Beyond fear and greed, other powerful behavioral biases can be found in almost all investors, both private and professional, and are often exhibited by enduring habits and behaviors that are very difficult to self-identify. These biases inform our bad decisions, the mistakes that we continue to make without even realizing that we are making them, let alone why.

Discipline and self-sufficiency are valuable commodities when it comes to managing your personal finances, yet we often find ourselves stuck on the bumpy road of bad decision making. We humans are hard-wired for recognizing patterns of behavior and making decisions on the patterns we already know and see, but when it comes to investing real money in real markets, our vision and judgement may be clouded by a number of fact-patterns we don’t anticipate, or worse, decided to ignore because our ego got in the way.

Nobody likes an armchair quarterback, and we don’t want to be accused of trying to be armchair psychologists! Our goal is to examine and understand some of the most prevalent behaviors that can derail your portfolio, offer ways to identify them and seek potential solutions.


As an investor, you’ve been coached, whether you know it or not, that there are worse investments and there are better investments. Maybe that’s true to some extent, but it’s time for a reality check:

There are worse investors. There are better investors.

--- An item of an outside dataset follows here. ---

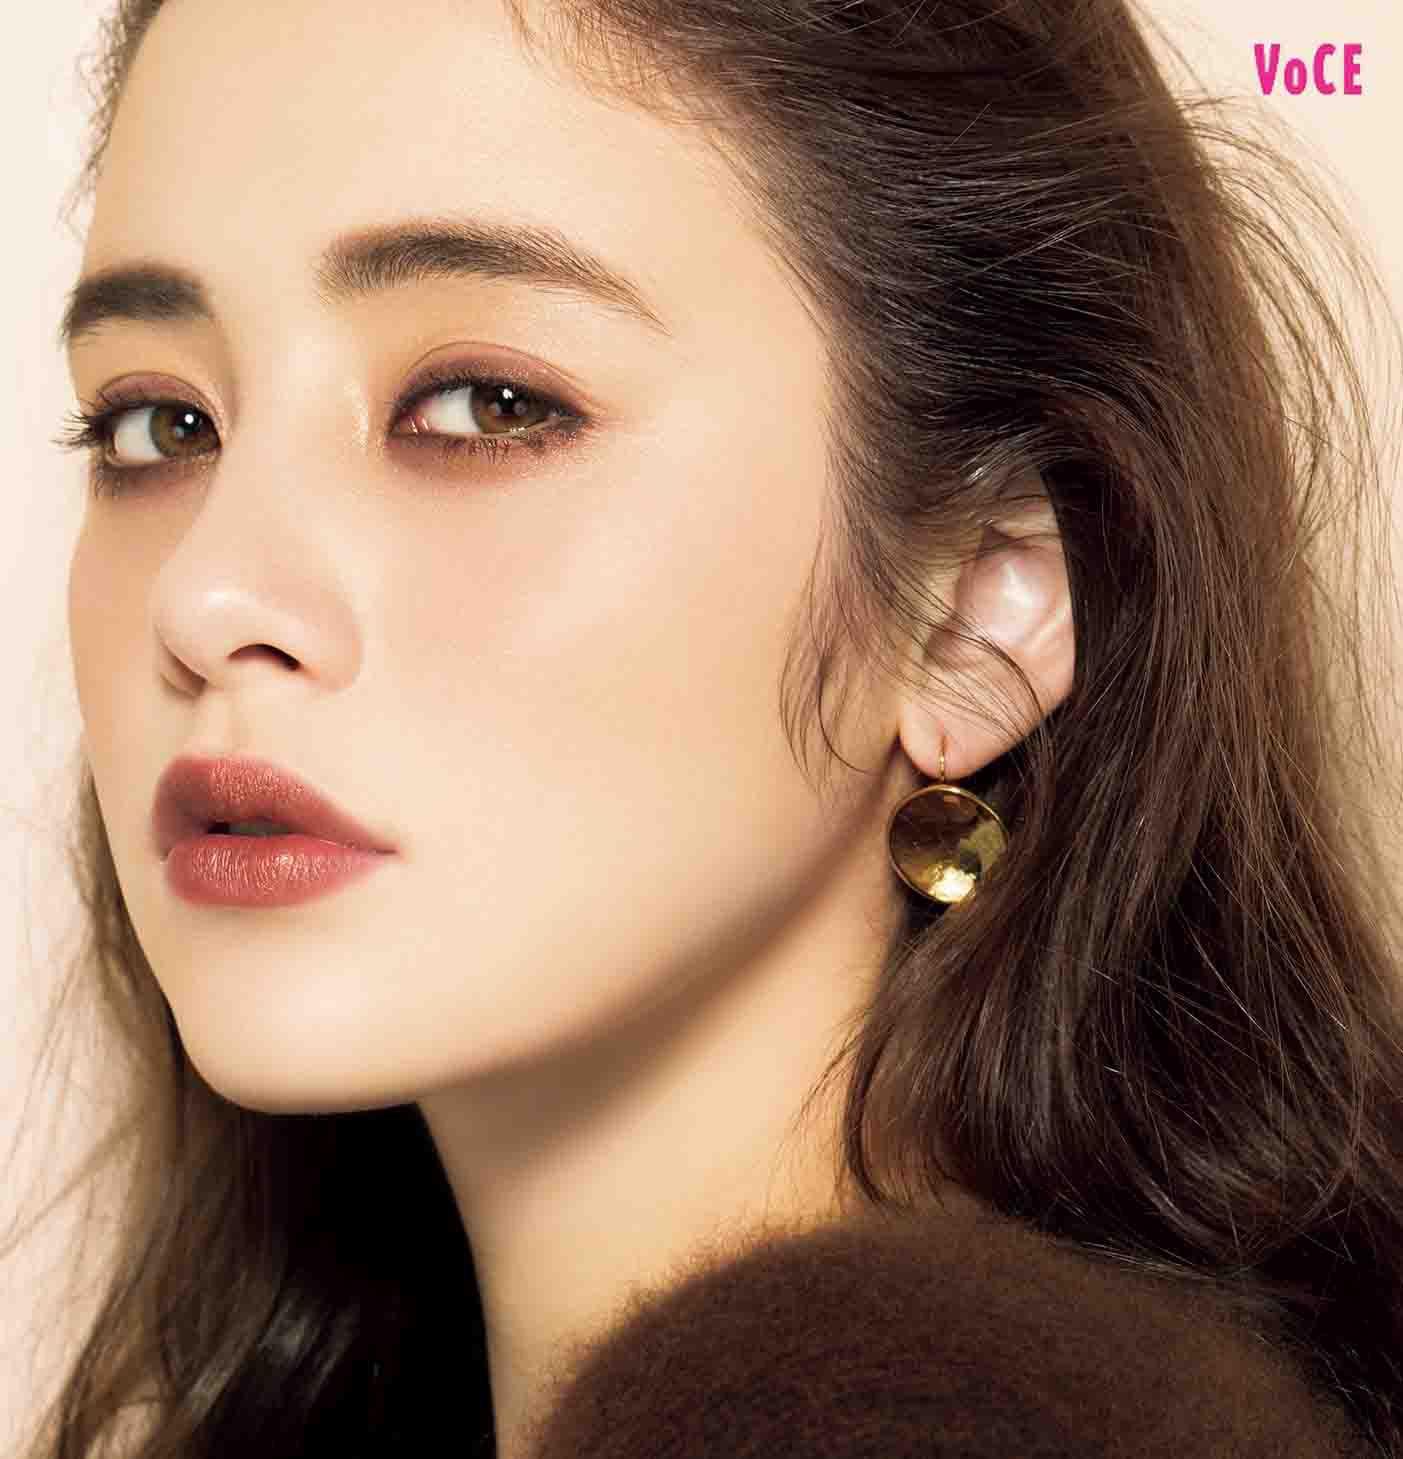 「Makeup」おしゃれまとめの人気アイデア|Pinterest|Chermaine Cheng カラーメイク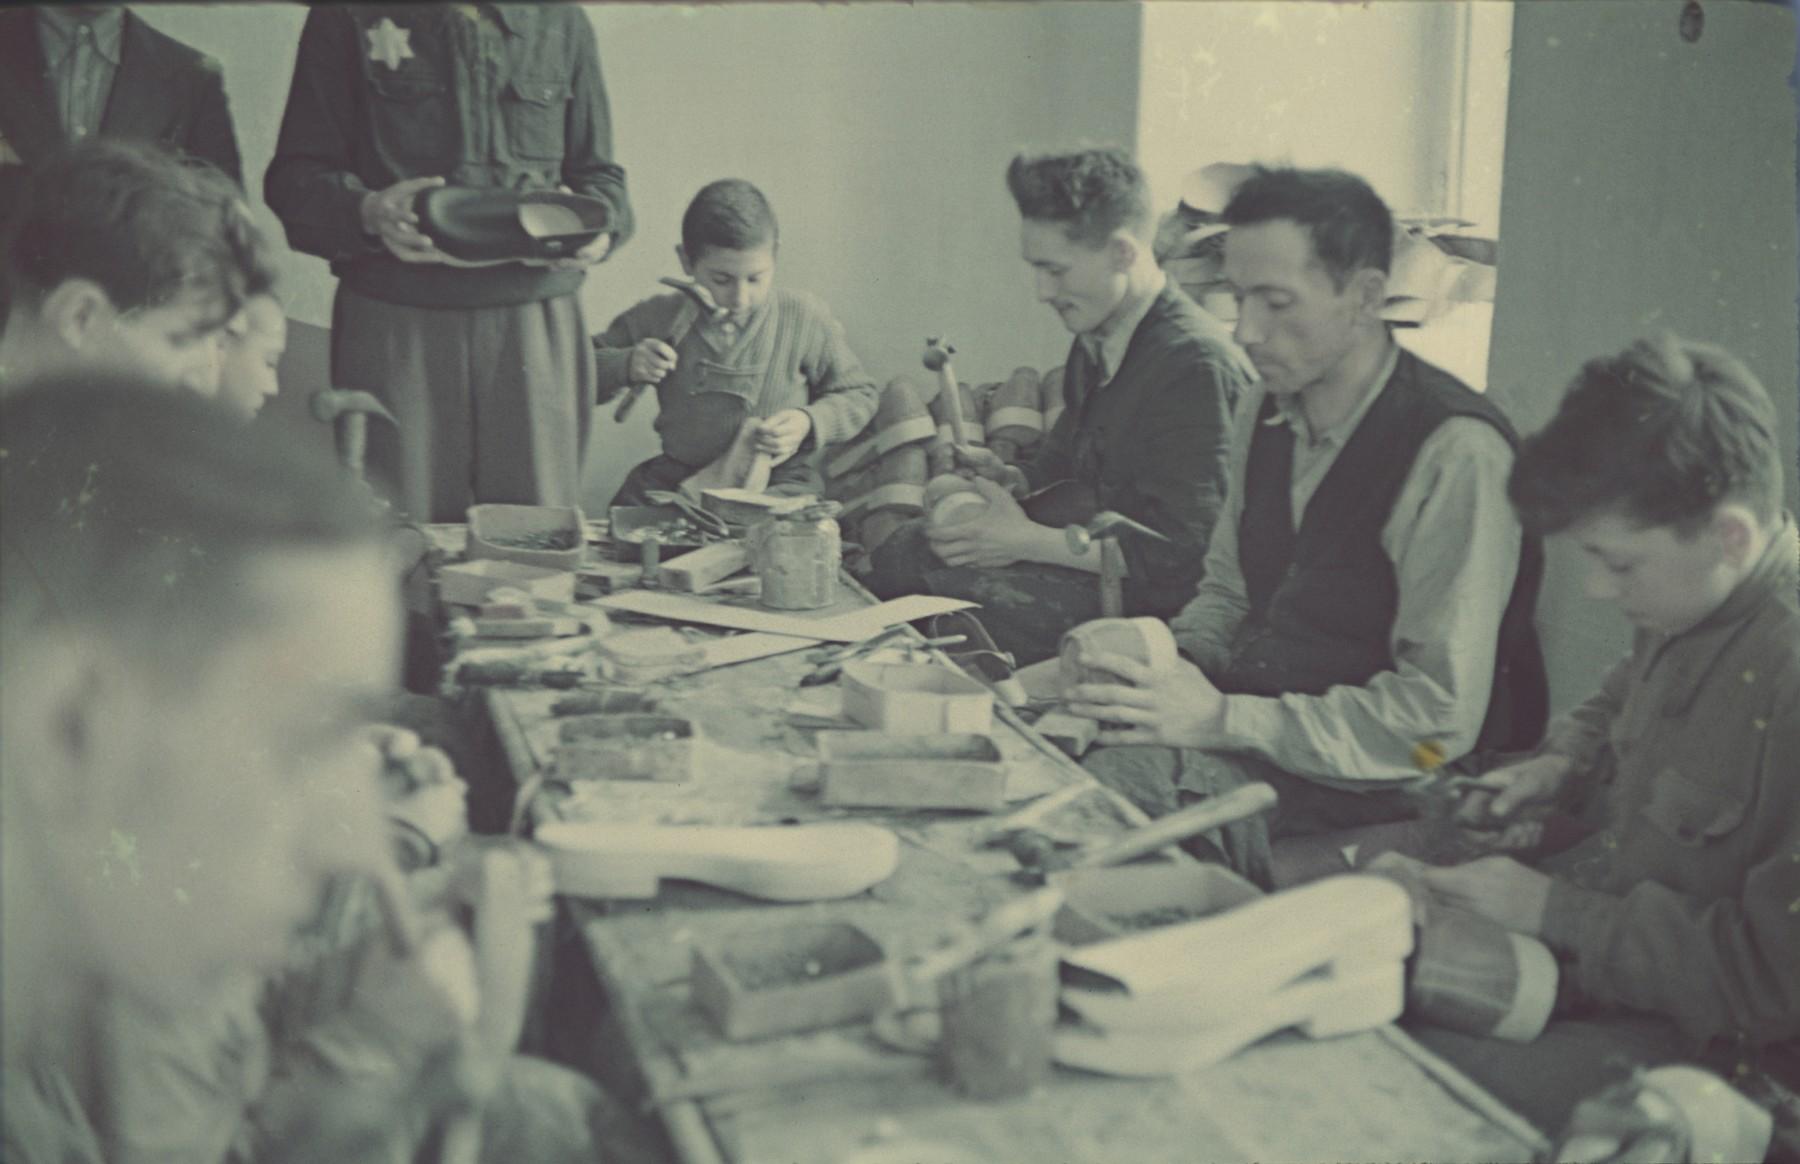 "Workers manufacture wooden shoes in the Lodz ghetto.  Original German caption: ""Litzmannstadt-Geto, Holtzschufabrik"" (wooden shoe factory), #19."

Many good investments have suffered at the hands of worse investors, so Behavioral Investor Coaching focuses on fixing the investor, and it benefits the investor in a number of ways.

First, there is no “product bias.” 

Financial products are tools, solutions to solving very specific financial objectives. For instance, if one needs the highest amount of income, they might be best served by dividend paying equities, real estate or bonds, or something else entirely. None of the these are better investments than the other. They either fit the situation or they don’t.

All too often, a product is pushed that will more than enhance salesman’s income through high commission schemes, yet be totally wrong for the investor.


“Individual investors who ignore the prescriptive advice to buy and hold low-fee, well-diversified portfolios, generally do so to their detriment.” 1

“…apparently uninformed investors trade actively, speculatively, and to their detriment…” 2

“…many studies document that individual investors earn poor returns even before costs. Put another way, many individual investors seem to have a desire to trade actively coupled with perverse security selection ability!” 3

“…real investors tend to sell winning investments while holding on to their losing investments—a behavior dubbed the “disposition effect…among the most widely replicated observations regarding the behavior of individual investors.” 4


Self-sufficient Investor Coaching is unbiased, conflict free and commission free since it is not about pushing financial products. Its about fixing the investor; the only goal is providing behavioral learning that can make you a more grounded, more productive investor. The essential tenet of Investor Coaching is to reduce situations where you are likely to make emotional decisions, and focus on those things that are within your control (like managing risk, taxes, costs, holding periods, account types, and so forth) and seek to establish a better personal framework, a decision making process that leads to better and more consistent outcomes.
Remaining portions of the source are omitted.